PHILADELPHIA — On Jan. 6, 2021, a group of then-President Donald Trump supporters broke into the Capitol building during a joint session of Congress that was certifying Joe Biden as the next president. This event was met with shock, anger, and embarrassment by Americans on both sides of the political spectrum. In addition, the images of Jan. 6 were spread all around the world as news outlets were quick to comment on such a significant American event.
Subsequently, there has been an abundance of commentary on the effects of Jan. 6 on our country, our citizens and the rest of the world. However, most of this has just been speculation … until now. In collaboration with the U.S. News & World Report Best Countries Rankings and BAV Consulting, we annually survey people around the world on their views of various countries. This year’s survey was delayed to capture the influence of the U.S. presidential election. It was fortuitous that Jan. 6 fell in the middle of our data collection. This allowed us to compare the differences in perceptions of the United States before this historic protest and after.

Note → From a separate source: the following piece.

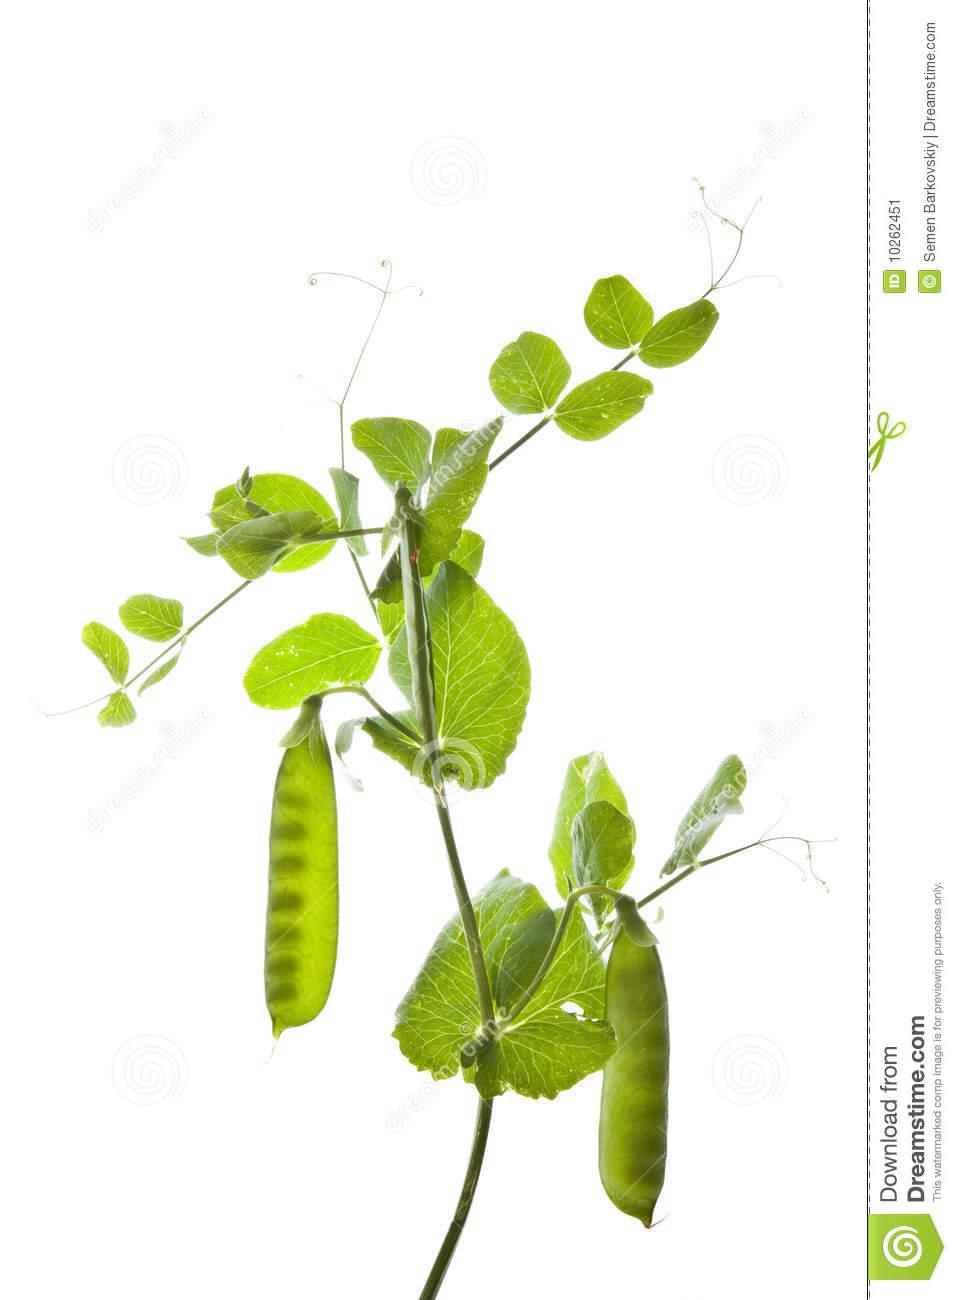 Pea Plant Stock Image Image 10262451 URDc6U Clipart on Preschool Storytime

We divided these results into perceptions that the world had of the United States pre- and post-Jan 6, and perceptions that U.S. citizens had of their own country before and after Jan. 6. In effect, any changes we see of the American image can be said to be caused by the protest — a true incident analysis.
The results may surprise you.
In the tables below we show three characteristics and how the ranking of the United States on those characteristics changed over the course of the protests.
As many of the United States’ internal grievances are often on public display in media outlets globally, the U.S. never ranks in the top half of countries in terms of “happiness.” After Jan. 6, the world viewed the United States as an even less happy country. Its ranking of happiness went down from No. 45 to No. 53 (a change of eight spots) out of the 78 countries ranked. That’s not surprising, as people around the world saw firsthand the anger that many Americans embodied.
What is surprising is the change in happiness that U.S. citizens perceived. The country’s happiness as rated by its own people dropped from No. 36 to No. 59 after the event. This is more than a 20-country ranking drop in happiness rankings! It is extremely rare to see such a dramatic shift in a perception. It’s clear from this characteristic that the events of Jan. 6 harmed the U.S. internally and rightly convinced citizens that their own country was hurting.
We see a similar pattern when we look at how transparent the United States government is seen to be. The Jan. 6 protests decreased the perceptions of transparency both globally and at home. Like the perceptions of happiness, this decrease in transparency was larger for U.S. citizens than the rest of the world. That means that internally, U.S. citizens really lost confidence in their government’s transparency due specifically to the protests at the Capitol. As rated by its own citizens, the United States, once a beacon of democracy and transparency, went from being ranked No. 37 to No. 64 after the protests — again an unprecedented shift in perceptions.
Although these results may not be surprising to U.S. citizens or really to the rest of the world, the perceptions of how politically stable the U.S. is provide an interesting nuance to the results above.
When looking at the U.S.’s political stability, we first see that the country overall is perceived to be politically unstable … which itself should be a wake-up call to legislatures and politicians. In particular, the country is perceived significantly less politically stable by its own citizens than the rest of the world.
But the Jan. 6 protests changed that to some degree. As expected, the world perceives the U.S. as even more politically unstable after the attempt by its citizens to change the election using violence — its ranking dropped from No. 25 to No. 38. However, surprisingly, U.S. citizens perceive their own country to be more politically stable due to the protests. At first this may be shocking, why would the images of large groups of people violently breaking into the U.S. Capitol building to overturn an election creates a perception of more stability?
As it turns out, the joint sessions, after the deadly protests, came back at night to finish certifying the results. Doing so ensured a peaceful transition of power, even in the face of an insurrection. The aftermath of the protests only reinforced the tradition of the United States respecting its Constitution and therefore likely gave U.S. citizens more confidence that the government can withstand these types of attacks. In effect, the protest and Congress’s response may have actually helped promote U.S. governance to its own citizens.
These results matter. When historic events change the brand of a country, this can have drastic ramifications to that country including whether tourists want to visit, foreign students want to come study, foreign businesses want to invest, and even whether other countries want to engage in treaties and diplomacy. Even more so, changing the internal brand of a country can affect whether people want to vote in subsequent elections, serve their country, and even whether they promote their country abroad.
Understanding how events like the Jan. 6 protests affect a country’s brand is an important part of effectively and efficiently building a prosperous nation.